IT’S not the ideal way to wake up – paralysed by fear.
For many of us, however, that is exactly how our day begins, and it can be a terrifying experience.
Sleep paralysis, which can last a couple of minutes at its worst, is when we are falling asleep or waking up and we are aware but unable to move or speak.
For some, it means we hallucinate, sensing things that aren’t really there.
We may imagine we hear, feel or see something that puts the fear of God into us and, while the whole dreadful thing may occur just once in our lives, it can also happen to many of us time and time again.
Sleep paralysis can strike at perfectly healthy people, as well as those less fortunate – for some, having too much stress in our lives, or simply enjoying too much coffee during the day, can help trigger such episodes.
It can also run in the family, though not always, and the boffins reckon the underlying cause is a problem with REM, Rapid Eye Movement.
This is the sleep phase in which our eyes move rapidly, our muscles are at their most relaxed and our dreams are most vivid.
When there are problems at this time, they can be big ones, and sadly the treatments available for sleep paralysis are pretty poor and it’s not a topic that has been studied enough.
Anyone who has read Sigmund Freud’s Interpretation Of Dreams will know just how fascinating a subject this is.
The founder of psychoanalysis described how even in our deepest sleep, we can hear such things as alarm clocks and include them in our dreams – we don’t want to be wakened from it, so we involve what we were hearing in the real, wide-awake world.
One person in the book who was sleeping was lightly touched by water and sand, the heating was turned up, and the occasional cold air was blown at them, too.
They later reported that they had dreamed about being on a lovely beach, in the sun but with a nice breeze.

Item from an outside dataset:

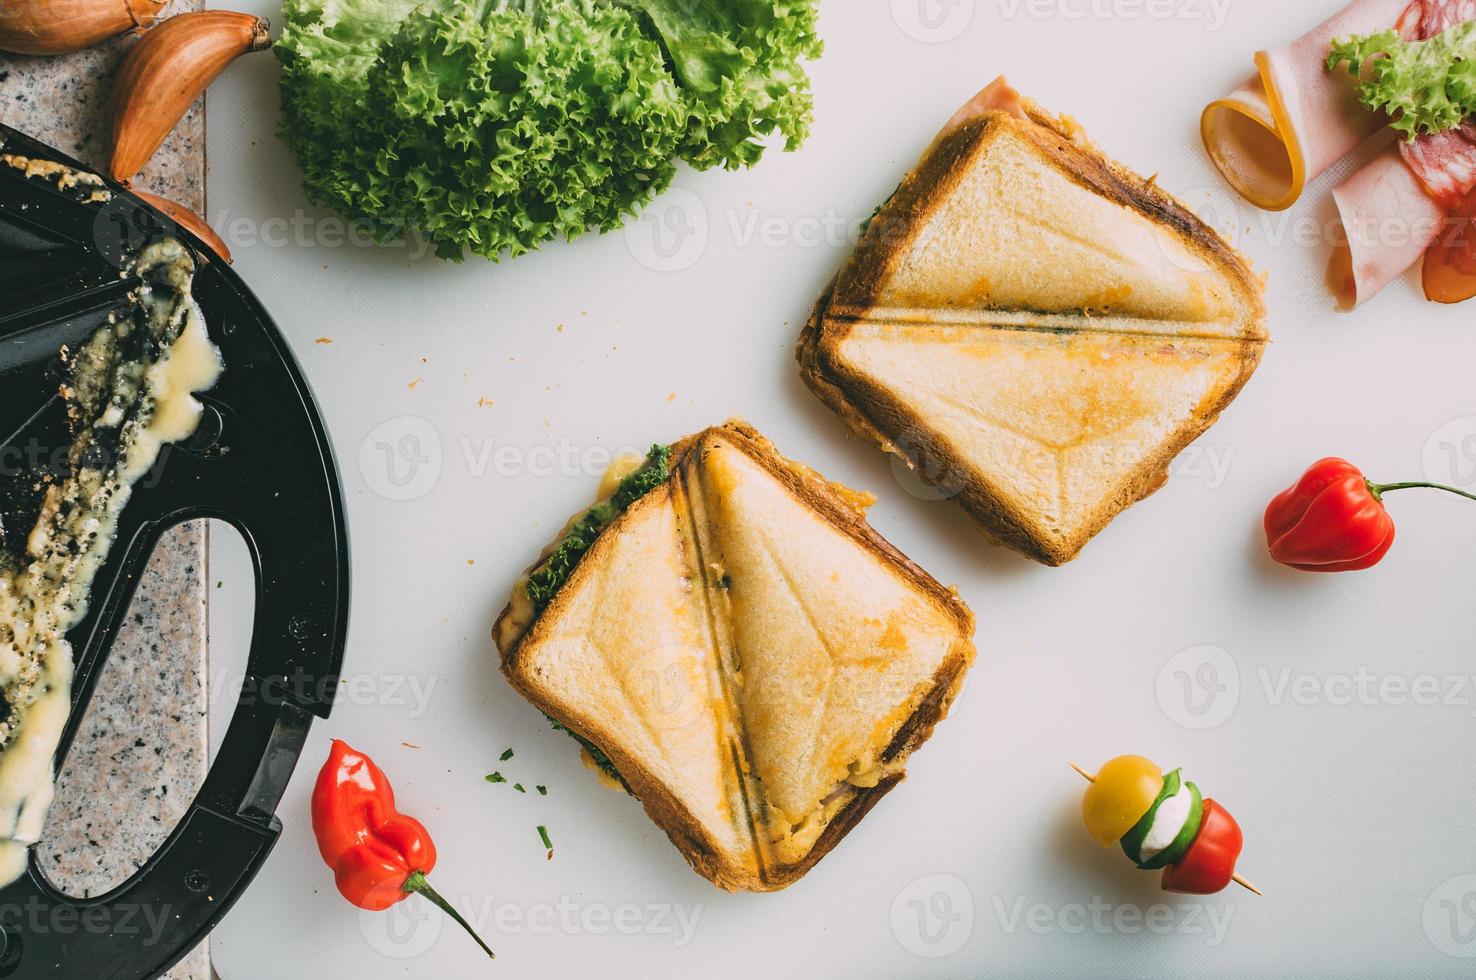 club sandwich con prosciutto, salame, manzo affumicato, formaggio, lattuga e rucola. preparazione del toast sandwich. vista dall'alto. foto

Sadly, many of us experience more sinister things.
When one person spoke on the internet about his dreams, in which he thought he could see a shadowy figure in his hall, woke up and rushed out of bed to challenge the person, he was not alone.
Countless others online responded, describing how they had also had a strikingly similar dream, felt paralysed with fear but then rushed to challenge the figure, only to realise it had been a dream.
What the experts would love to know, and which even a genius like Freud couldn’t explain, was why so many of us have very similar dreams or nightmares at certain times.
To some, everything we experience during our waking hours has a big impact.
Scary characters in movies, for instance, are often very like the disturbing characters we see while dreaming, or even when we wake and are still struggling with our sleep paralysis.
Many people have described the feeling of having something or someone pressing down hard on their chest, drawing the breath out of them.
This description goes back to ancient times, long before Alfred Hitchcock and Wes Craven or Hammer Horrors gave us plenty of terrifying figures to have nightmares about.
From remote tribes to Ancient Greeks, from Japanese folklore to Canadian oral tradition, people have reported this dream over and over again.
It’s often female, and often a devilish-looking being, and those who go through it are understandably frightened and panic until they get fully awake.
The point is, some reckon, that REM leaves the muscles out of action, totally relaxed, and that is why we are still paralysed after we wake.
It’s thought that the muscles go this way to prevent us getting up while asleep and doing things during a dream.
As anyone who has a sleepwalker in the house knows, it can be deeply disturbing for them and everyone else.
Sleep paralysis, however, is also the stuff of nightmares.